В результате, А. Г. Кузьмин существенно развивает мысль М. Д. Приселкова о существовании рязанского летописца времени княжения Олега Ивановича. В частности он уточняет, что в Троицкой летописи известия этого летописца, касающиеся борьбы Рязани с Литвой, опущены, объясняя этот факт ролью редактора утраченной летописи митрополита Киприана: «..летопись составлялась в кругах, близких Киприану, объединившему в единой митрополии московские и литовские земли». Кроме того, существенным является уточнение о более широкой, по сравнению просто с княжеским летописцем, содержательности и характере рязанского свода: «Рязанский летописец... претендует примерно на то же, на что претендовала Рязань в конце XIV в. Он говорит не только от имени Рязани, но и от имени княжеств Юго-

Западной Руси, находившихся в сфере рязанского влияния»194. Судя по всему, с ролью рязанского епископа Сергия (Азакова) можно связать другое предположение А. Г. Кузьмина: «...Весьма вероятно, что в начале XV в. была осуществлена какая-то сводка имевшихся в Рязани материалов. Это могло быть осуществлено, например, по заказу из Москвы в связи с составлением там большого свода»195. В литературе выражено предположение о том, что к завершению Троицкой летописи, оканчивавшейся статьей 1408 г. (митрополит Киприан умер в 1406 г.), мог иметь отношение спасский архимандрит Игнатий, которого некоторые исследователи отождествляют с Игнатием Смол(ь)нянином196. В таком случае можно говорить о вероятном знакомстве рязанского епископа Сергия в том числе с летописной и книжной деятельностью окружения митрополита Киприана - известного церковного деятеля и книжника южнославянского происхождения.

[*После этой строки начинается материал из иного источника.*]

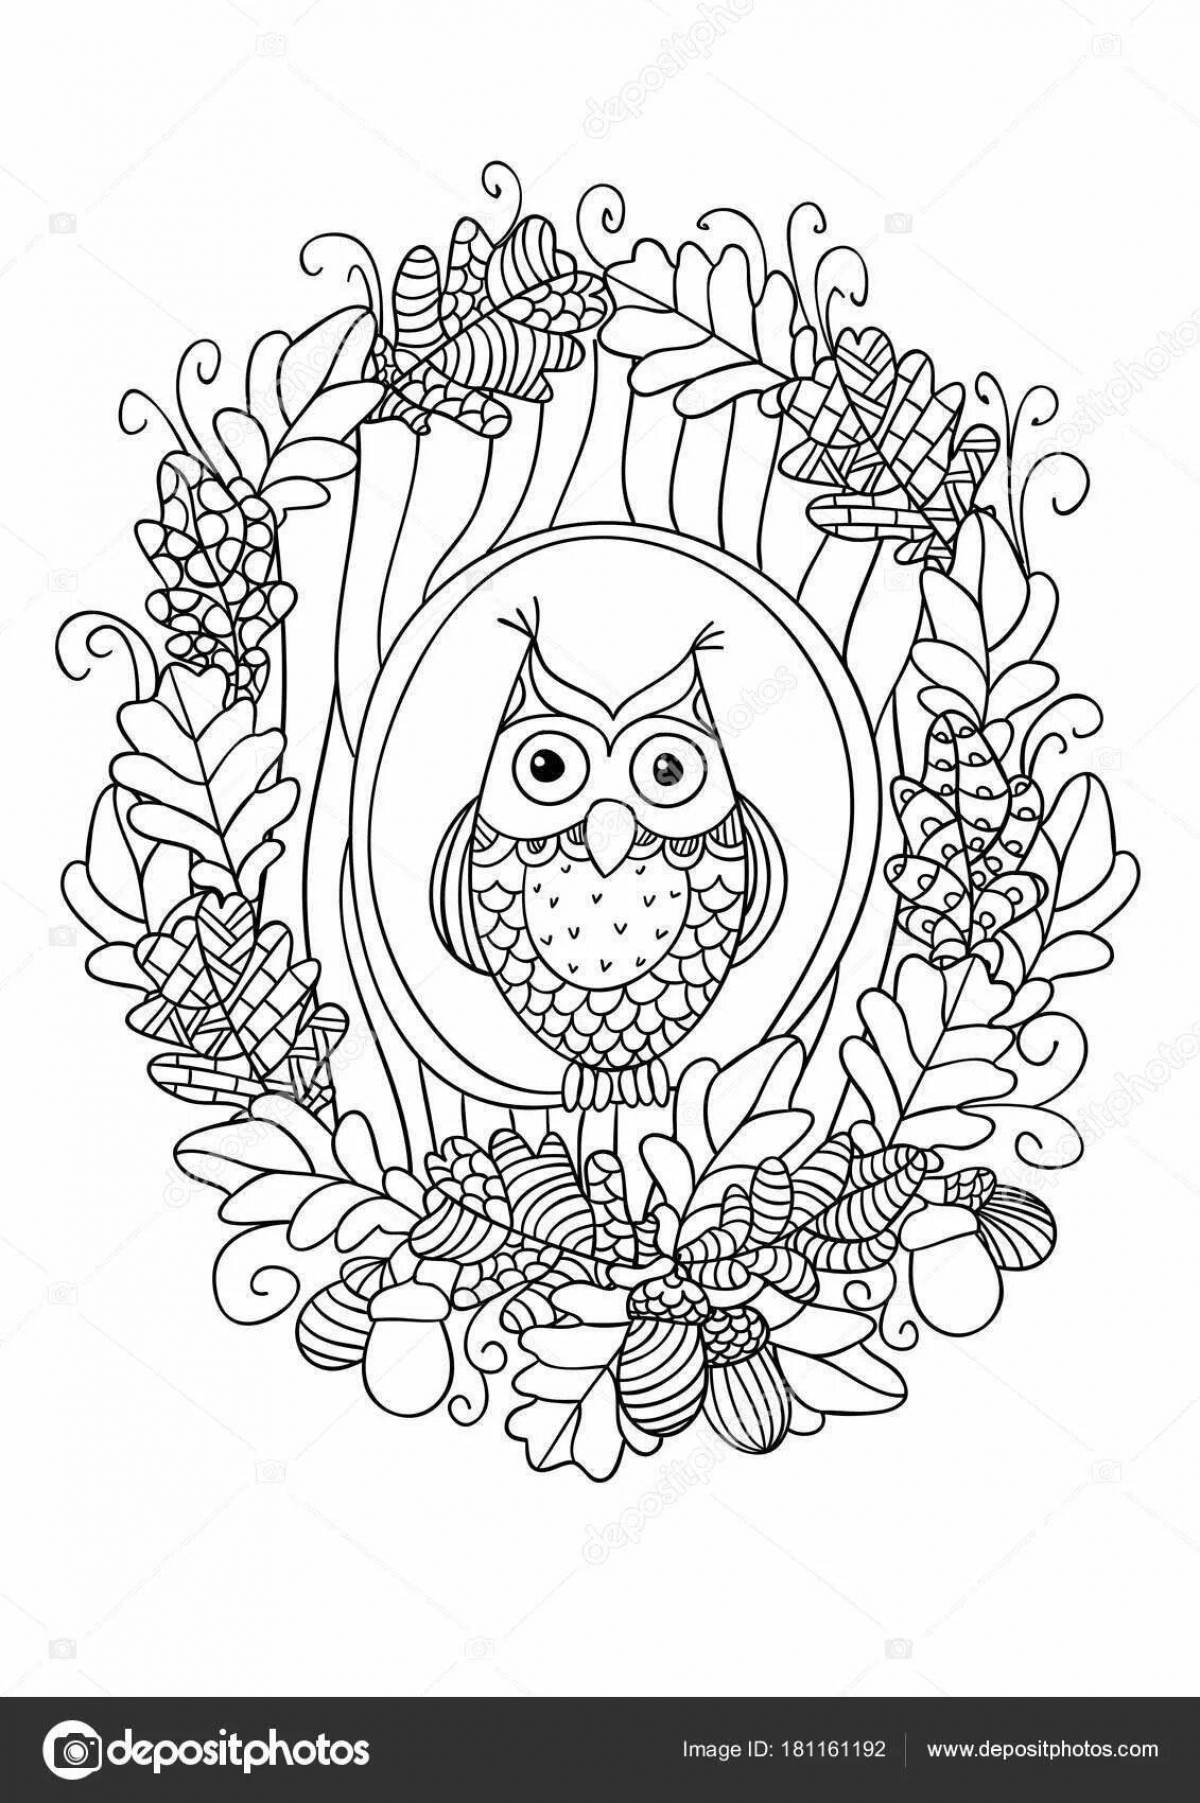 Bianca owl coloring page

Таким образом, наблюдения М. Д. Приселкова и особенно А. Г. Кузьмина о существовании Рязанского княжеского летописца второй половины XIV -- начала XV века, который послужил вероятным источником первого общерусского митрополичьего свода 1408 г., действительно дают возможность представить достаточно регулярную летописную работу в Рязанском княжестве в эпоху его расцвета во второй половине XIV - начале XV века. На наш взгляд, этот вывод может быть применим к рязанской письменности рассматриваемого периода в целом.

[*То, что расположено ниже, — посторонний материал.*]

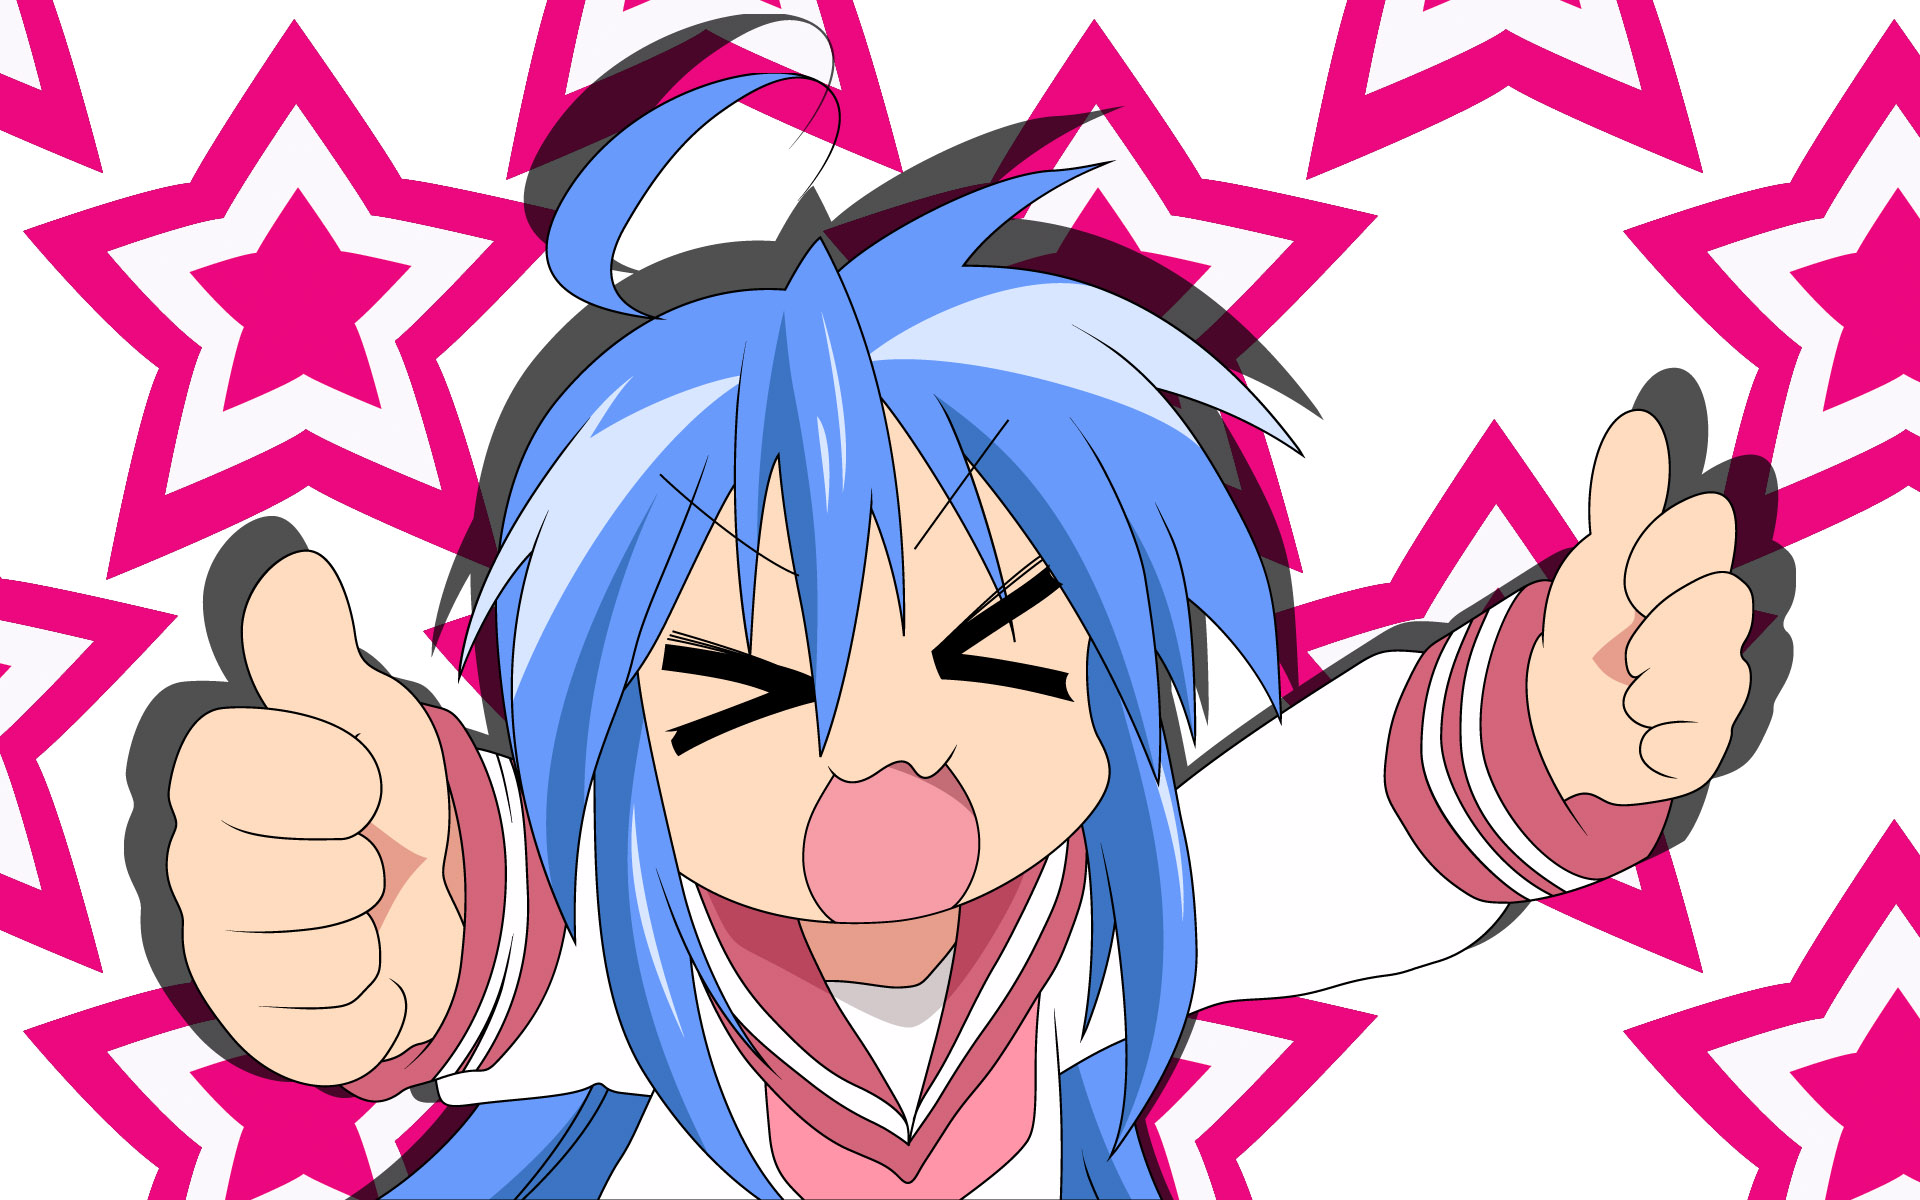 Konata Izumi from Lucky Star, a popular anime character, is featured in this desktop wallpaper.

Последний период существования Рязанского княжества слабо отражен в летописях. А. Г. Кузьмин отмечает, что после 1408 года и до 40-х годов XV века только в Никоновской летописи встречаются «явно рязанские, но довольно глухие известия». Более заметные следы существования рязанских записей появляются в конце XV века. Для выяснения вопроса о существовании рязанских по происхождению свидетельств исключительный интерес, по мнению ученого, представляет неизвестное общерусским летописным сводам сообщение о татарском набеге на Переяславль-Рязанский в 1495 (7003) году и о пожаре, но не от татар, в то же самое время в одном из рязанских монастырей, в нем, очивидно, и возникла запись197. Это известие позволяет А. Г. Кузьмину выразить уверенность в том, что в одном из рязанских монастырей в конце XV века велись летописные записи.

Последними, исключительно точными являются записи 1500 и 1501 гт. соответственно о смерти великого рязанского князя Ивана Васильевича и великой княгини Анны Васильевны (с точностью до часа). Анна Васильевна приходилась сестрой великому московскому князю Ивану III. Однако, она была на стороне сил, выступавших за рязанскую самостоятельность, и даже находила, по мнению А. Г. Кузьмина, сочувствие в самом московском великокняжеском доме198. То, что рязанские записи оканчиваются сообщением о смерти Анны Васильевны, рассматривается исследователем как факт, который «может иметь значение для выяснения условий, в которых в последний раз на Рязани возобновлялось летописание»199. Вероятно, есть смысл доверять и позднейшему свидетельству (1966 г.) о том, что еще в начале XX века в рязанском Ольговом монастыре хранился список «Изборника Рязанских летописей и грамот» 1690 г., составленного в конце XV -- начале XVI века для великой рязанской княгини Аграфены (Агрипены), строительницы монастыря Аграфенина пустынь. Оригинал, возможно, был орнаментирован, что можно соотнести с представлением о сложной природе киноварных заголовков в Симеоновской летописи. В целом эта информация расценивается А. Г. Кузьминым как достоверная200.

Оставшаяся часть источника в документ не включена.